С мерностью капели проходил насечку Авдей.
– …А дале, чудинко, уж под Можаем причалили плоты, – повествовал Косой. – И сподобил меня Господь пешим пристать к артели каменщиков – оттуда, знамо, это ремесло. Каменщики в Смоленск шли крепость ставить. Угол-то Малаховской башни я клал. Ты не бывал в Смоленске? Будешь, так посмотри на угол Малаховки и на свод до середины, слева. Это всё моя работа. И на воротной Копытенской башне моих кирпичей немало заложено. Всю зиму клал стены, а с первым теплом, как Федул подул, тоже опять на плот – и по Днепру да в Дубровичи. Ступил на берег. Господи, Литва!..
Невелика разница, что выходит из-под резца. Чудо во мраморе – три грации, волчица с Ромулом и Рэмом под брюхом, мальчик с занозой или жернов, причудливо отёсанный русским мужиком XVI века на потребу живота.

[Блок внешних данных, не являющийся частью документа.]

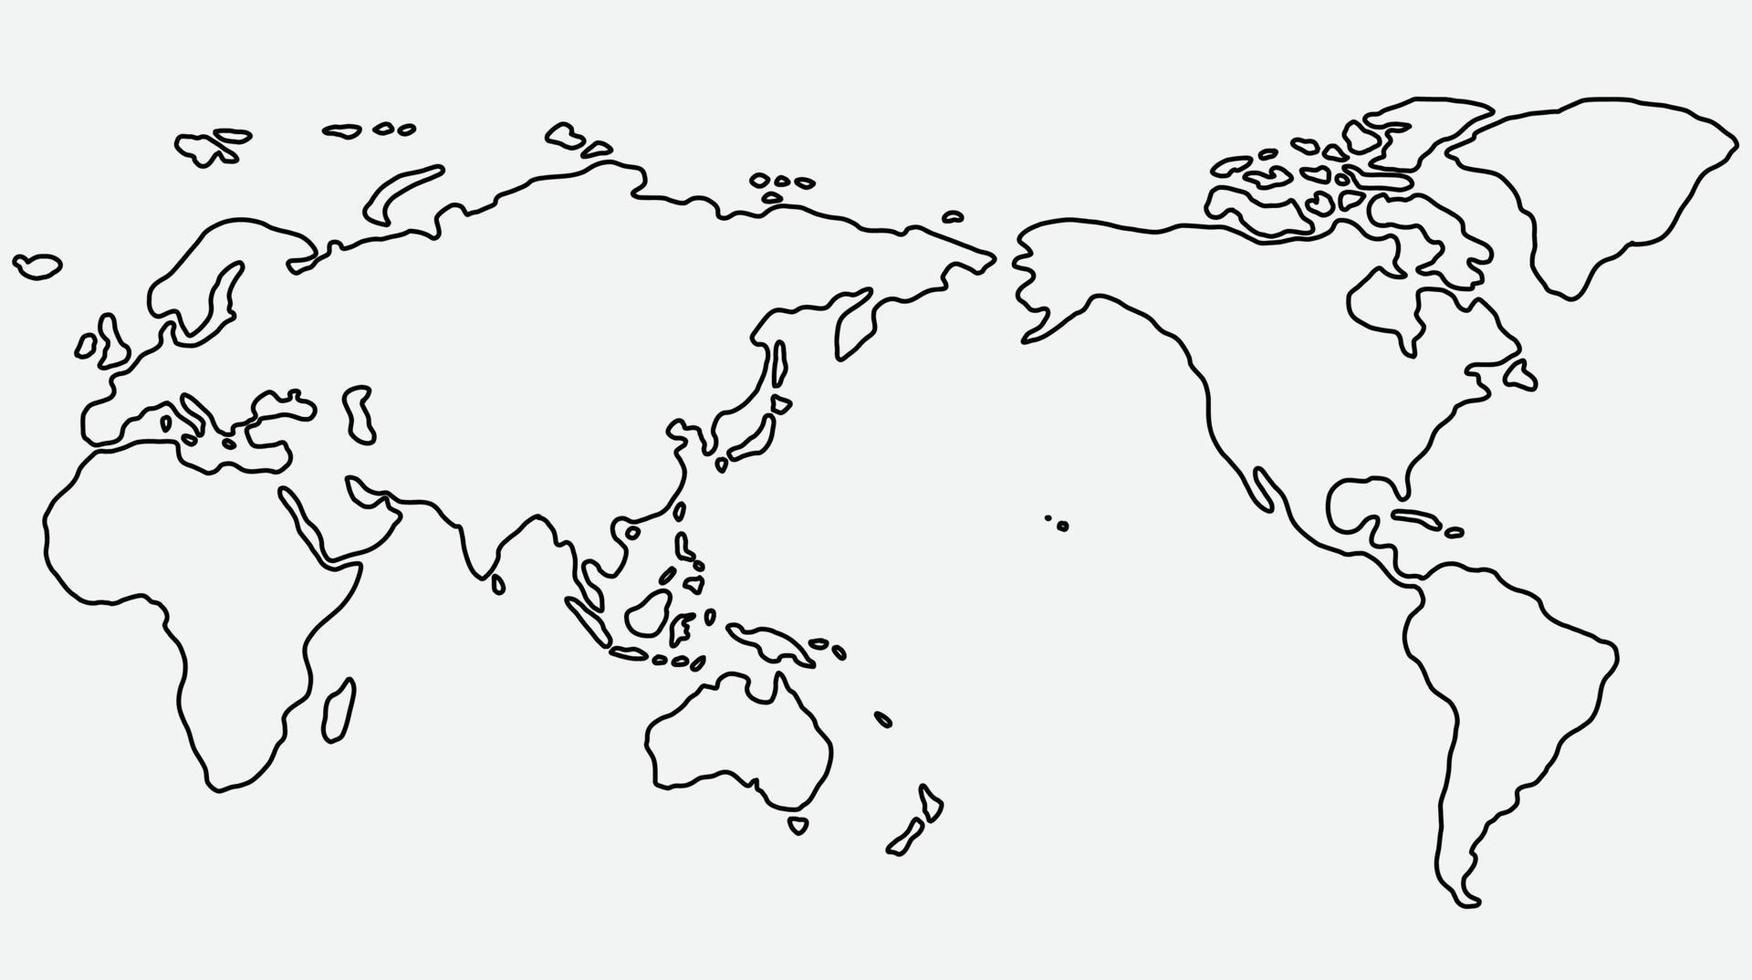 Bosquejo del mapa del mundo a mano alzada sobre fondo blanco. vector

С течением времени волнует такой камень не менее обнажённого человеческого тела, высеченного римским мастером из мрамора.

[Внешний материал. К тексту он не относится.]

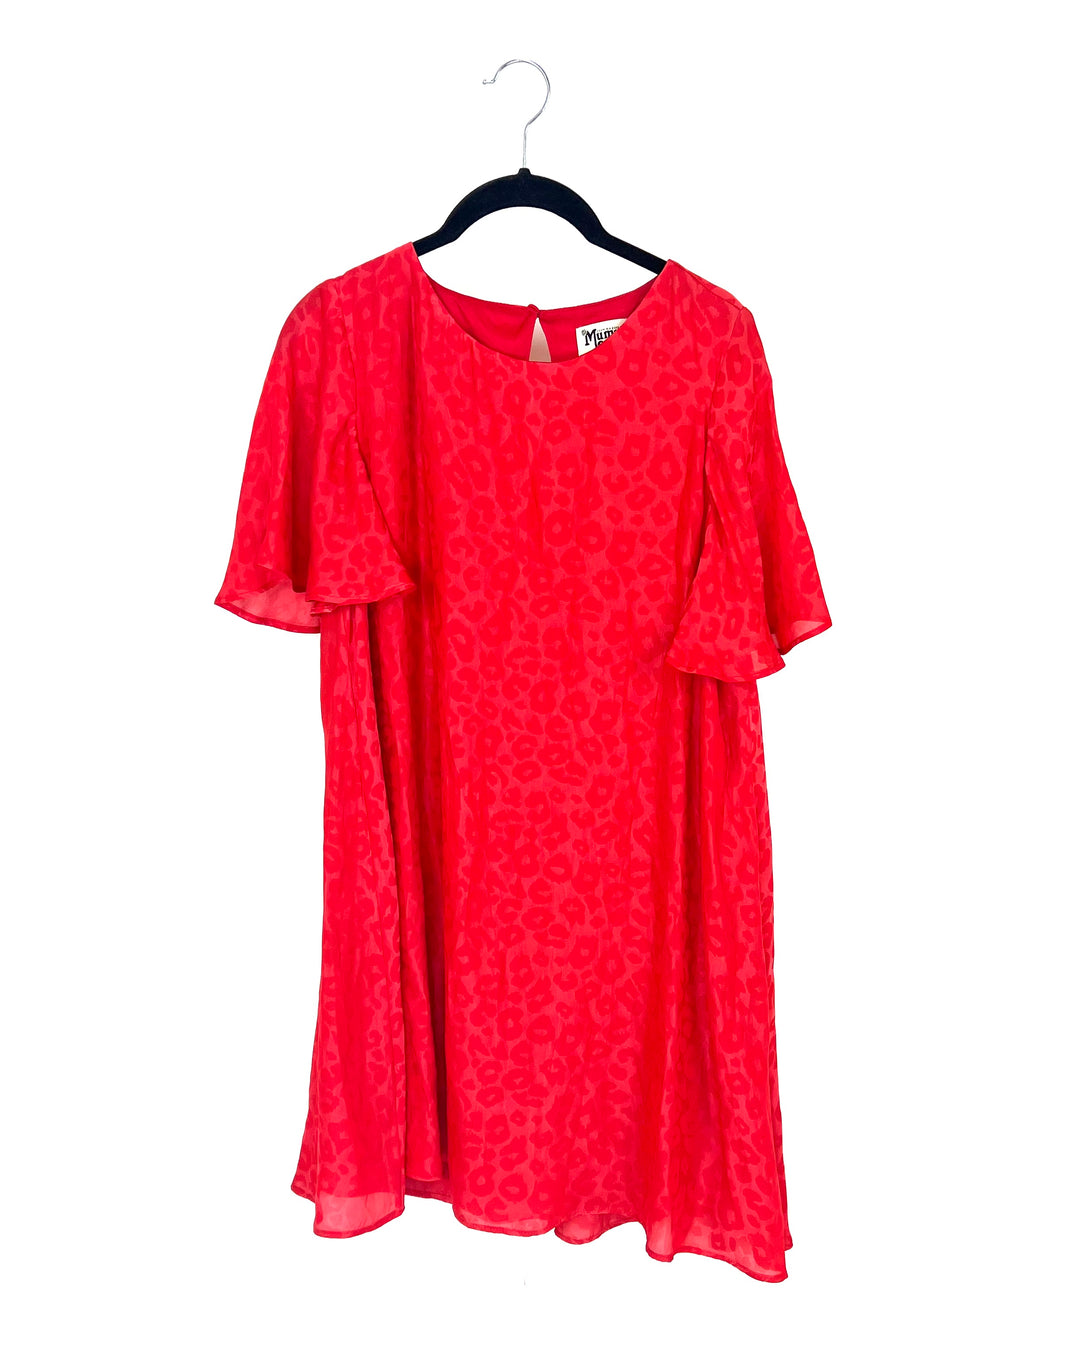 Red Cheetah Print Mini Dress - Size 4/6

Как в каждой линии древней скульптуры видится движение души человека с резцом – художника, так и узор на жернове оживляет, высвечивает нам древнего камнетёса.

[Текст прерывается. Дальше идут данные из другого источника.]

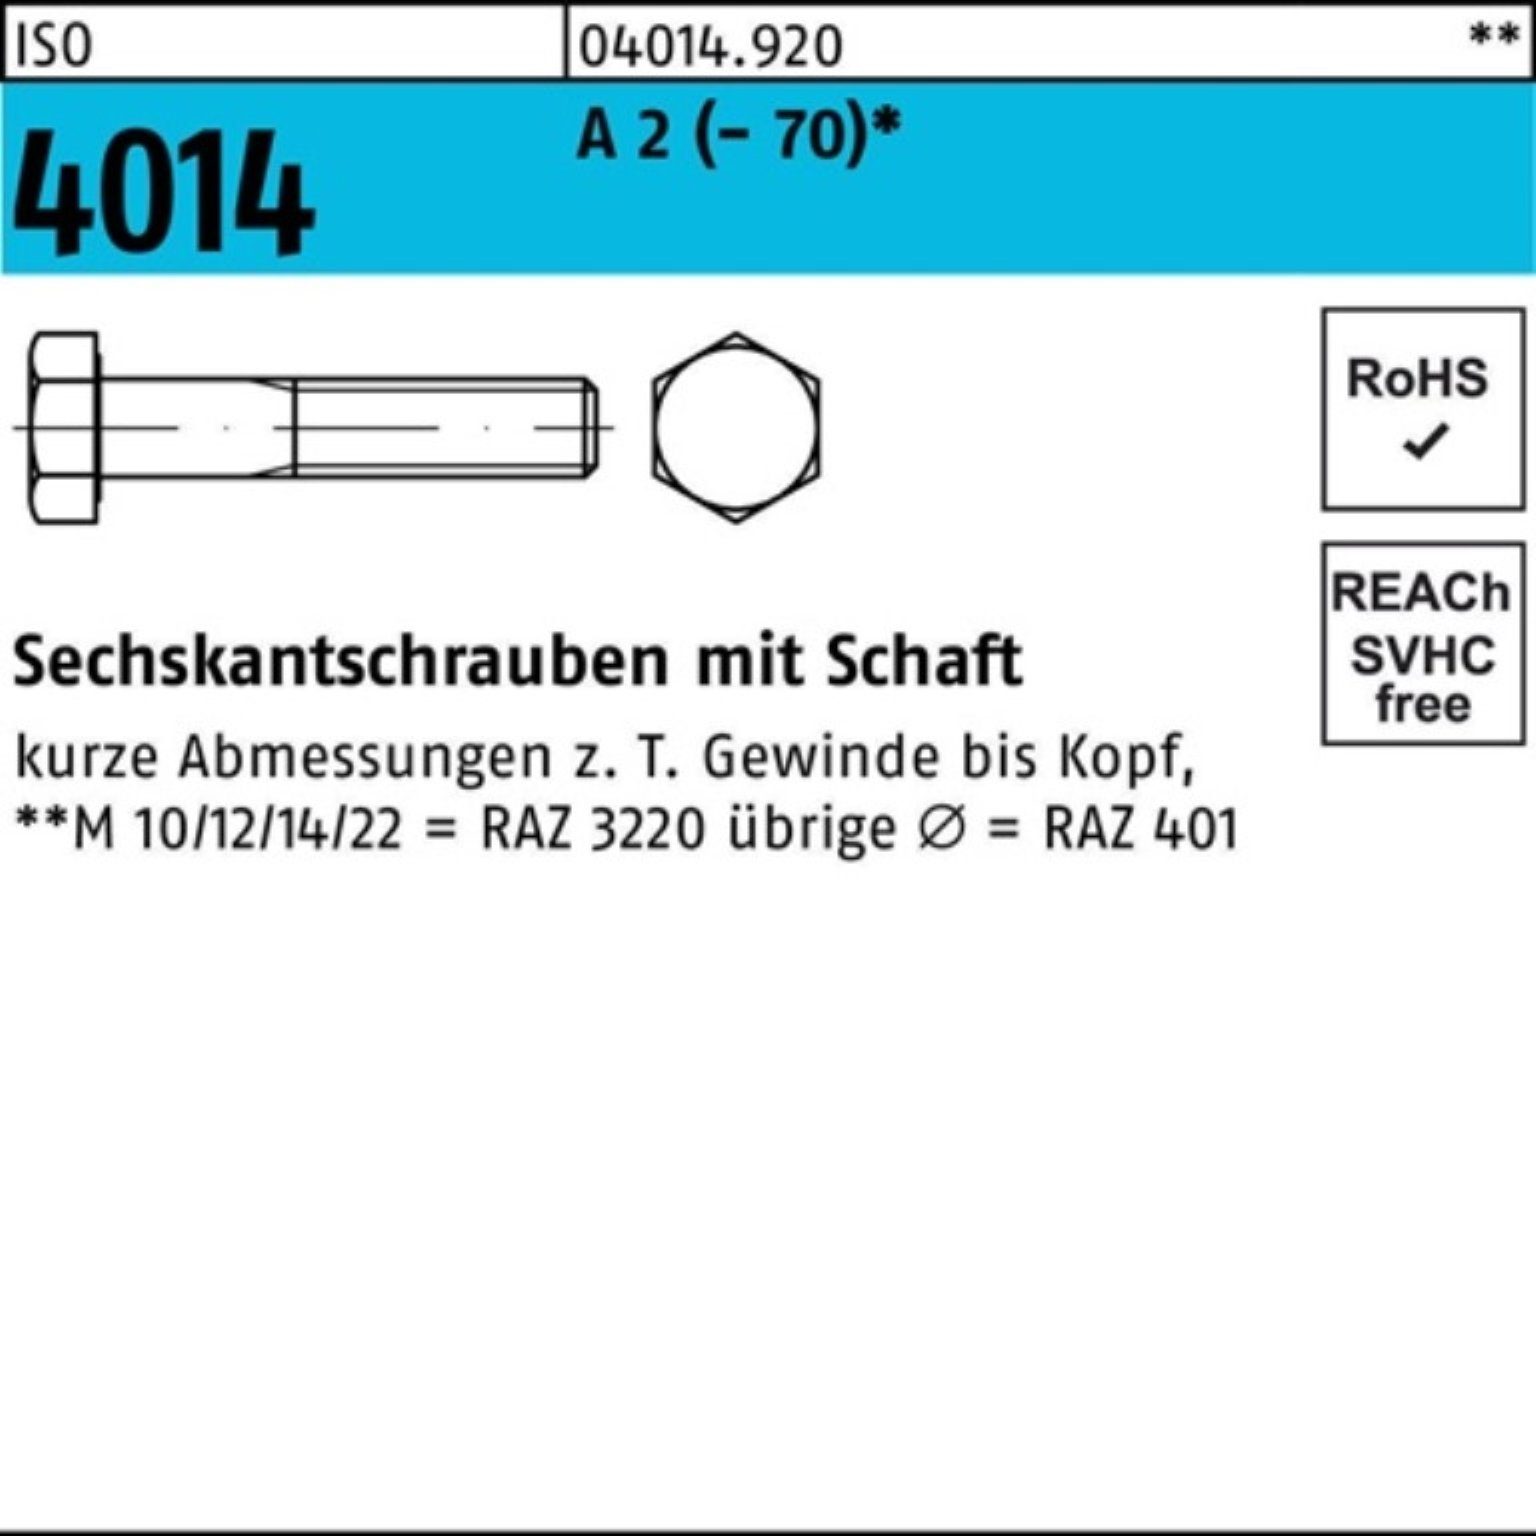 Bufab Sechskantschraube 100er Pack Sechskantschraube ISO 4014 Schaft M8x 75 A 2 (70) 100 St

В скульптурном музее ваятели Поликтен или Фидий тут, рядом. Хочешь – поговори с ними.
Они ответят. И это будет не бред, а язык бессмертия.
Подобно тому, и Авдей с Фёдором Косым видятся мне во всех подробностях, я слышу их, когда провожу пальцем по серповидным канавкам на лежне, брошенном для очистки сапог перед крыльцом дома потомственного мельника деревни Синцовской – Ильи Дмитриевича Шестакова.
Будто слепой пробегаю пальцами по пупырышкам, озвучиваю голоса предков…
30
– Блаженны алчущие правды! – говорил Фёдор Косой. – Эй, чудинко! Побегли вместе в Литву! За два жернова возьмём с купца по ефимке[94]. До Литвы на прокорм хватит…
Бегунец сверлили вдвоём.
Фёдор Косой грудью давил сверху на деревянный подшипник.
Авдей крутил вороток.
Деревянным было и само сверло, только на острие в паз вставлялись кремнёвые пластинки.
– Но заранее хочу упредить тебя, чудинко, – сделавшись строгим, продолжил бывалый пилигрим. – Там у них, в Литве, теперь тоже, конечно, и Кальвина, и Лютера не жалуют. Но всё-таки много свободнее для пытливых. Ежели не к духовному, то в академию можешь. Или научишься у них каменные дома строить. Ты ведь дальше этих Мшенских озёр нигде не бывал? А там дома выше московских – под облака! Кареты на рессорах, как лодка по воде, – не шелохнутся. Панны на шеях носят жатые батистовые воротники – называются «мельничный жернов» или по-ихнему – «фрез»! По твоей бы голове, чудинко, так точно в ихнюю академию. Ну, а мне – прямой дорогой в город Голтин. Там моя душа. В Голтине монастырь называется «Братья божественной любви». Чуешь? Оно по моей вере в самый раз. Орден, значит. Особое толкование. Монахи. Ну, пойдёшь со мной в Литву?
– Нет. Меня дома тятя с жерновами ждёт.
31
Путь – это когда по реке. Течение…
По застывшему руслу – тоже путь.
От реки до реки – уже волок.
От волока до волока через лес – дёр, дор, дорога-дороженька!..
К концу XVI века продрана была от Онеги до Ваги извилистая полоса – по склонам кремнистых скал, через болотину, по белым мхам сосновых боров.
В низинах мелких рек Конакши и Суланды зыбь земная, водянистая, просочная тянулась вёрст на тридцать.
Лошади по брюхо. Долблёнку бы ей тащить, а не телегу с двумя жерновами – колёса тут без надобности.
Смрадное, пызырящееся варево утюжилось брюхом лошадиным, днищем тележным. Возница – «яко лешак», – весь облепленный кореньями и моровыми травами, толкал сзади.
Попадались гати – жердяные плотбища. Но как они расплылись на весенних водах, так и не дождались сплотчиков. Получился ноголом, а не гати.
И ладно бы один Авдей по этой дороге пястался со своими жерновами. Много разного люда шло – маялось.
Первыми настигли Авдея беглые рязанцы.
Помогли вытолкнуть воз на сухое и пока кряхтели – упирались, поведали о своей заботе: нынче заповедный год наступил, нагрянули московские дьяки, и по-ихнему так выходило, что кто из мужиков попадает в писцовую книгу, того заточают в пределах боярского владения в вечную крепь.
Подсеки палить, чищанины закладывать на черносошных землях чуди заволоцкой – одно рязанцам оставалось, чтобы вольно жить.
Говорили, мол, власти просят покорно… наступя на горло.